When I boot I get these error messages:

*Starting pcmcia...

cardmgr[1904]: watching 2 sockets  [ok]

*Bringing eth0 up..

SIOCSIFADDR: No such device

cardmgr[1905]: starting, version is 3.1.33

cardmgr[1905]: socket1: IBM 10/100 EtherJet CardBus

eth0: unknown interface: No such device

SIOCSIFBRADDR: No Such device

eth0: unknown interface: No such device

SIOCSIFNETMASK: No such device

*Setting default gateway

SIOCADDRT: No such device

* Failed to bring eth0 up

cardmgr[1905]: executing: 'modprobe cb_enabler'

cardmgr[1905]: executing: 'modprobe tulip_cb'

cardmgr[1905]: executing: './network start eth0'

* ERROR: Problem starting needed services.

*  "netmount" was not started

cardmgr[1905]: + stty: standard input: Invalid argument

* Starting syslog-ng...

cardmgr[1905[: start cmd exited with status 1

To fix I type:

killall cardmgr

cardmgr -f

(cardmgr responds:   cardmgr[2072]: watching 2 sockets)
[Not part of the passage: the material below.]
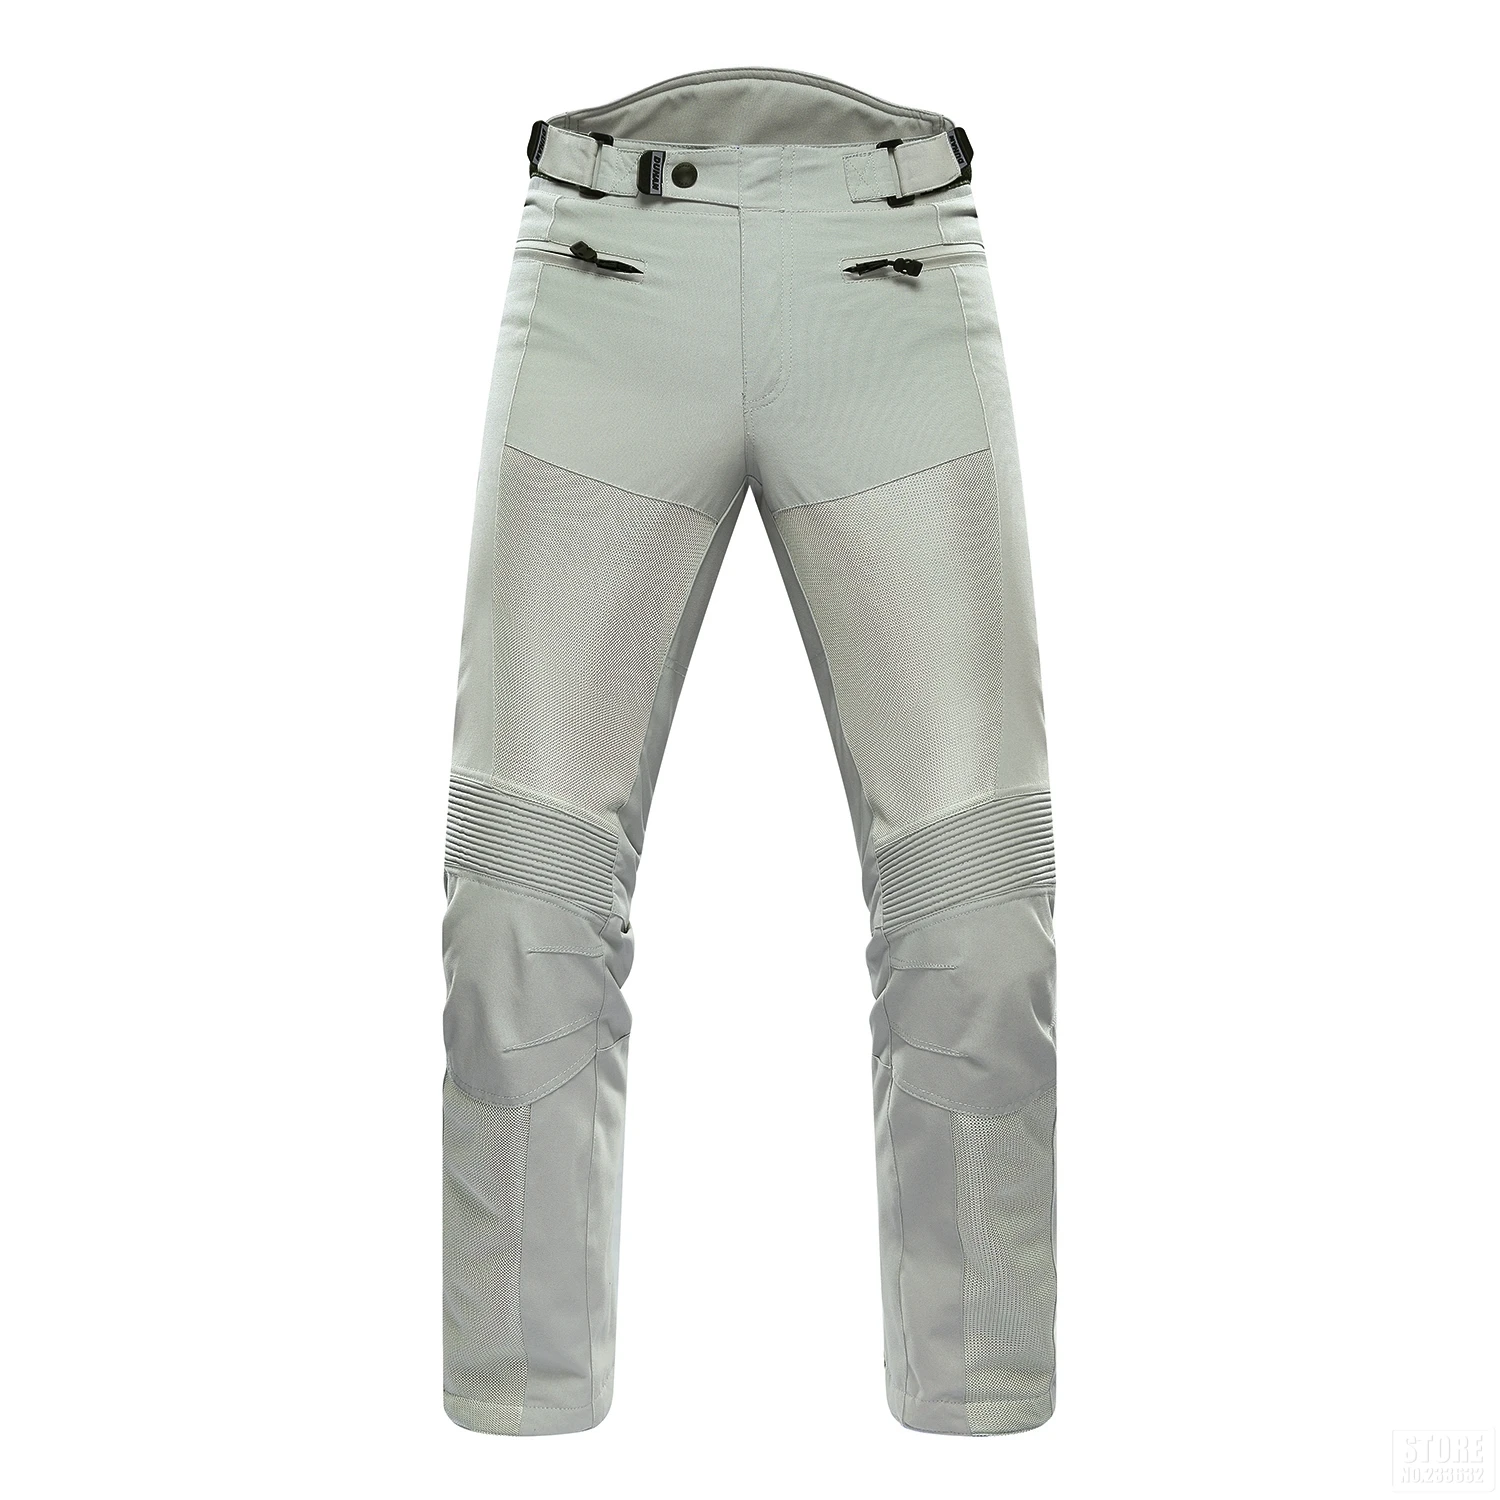 DUHAN мотоциклетные брюки мужские мото брюки гонки внедорожные летние сетчатые брюки Защитное снаряжение с накладками мужские панталоны для мотокросса

Then the NIC works. Anyone know of a permanent solution?

----------

## delta407

Put "killall cardmgr; sleep 1; cardmgr -f" into your /etc/conf.d/local.start. It's a kludge, but it ought to work.

----------

## gaplo

CARDMGR_OPTS="-f"

Ensure the above line is in file /etc/conf.d/pcmcia

I also encounter this problem with my Thinkpad T20 before.   :Shocked: 

----------

## elijahchancey

Subject says all!

----------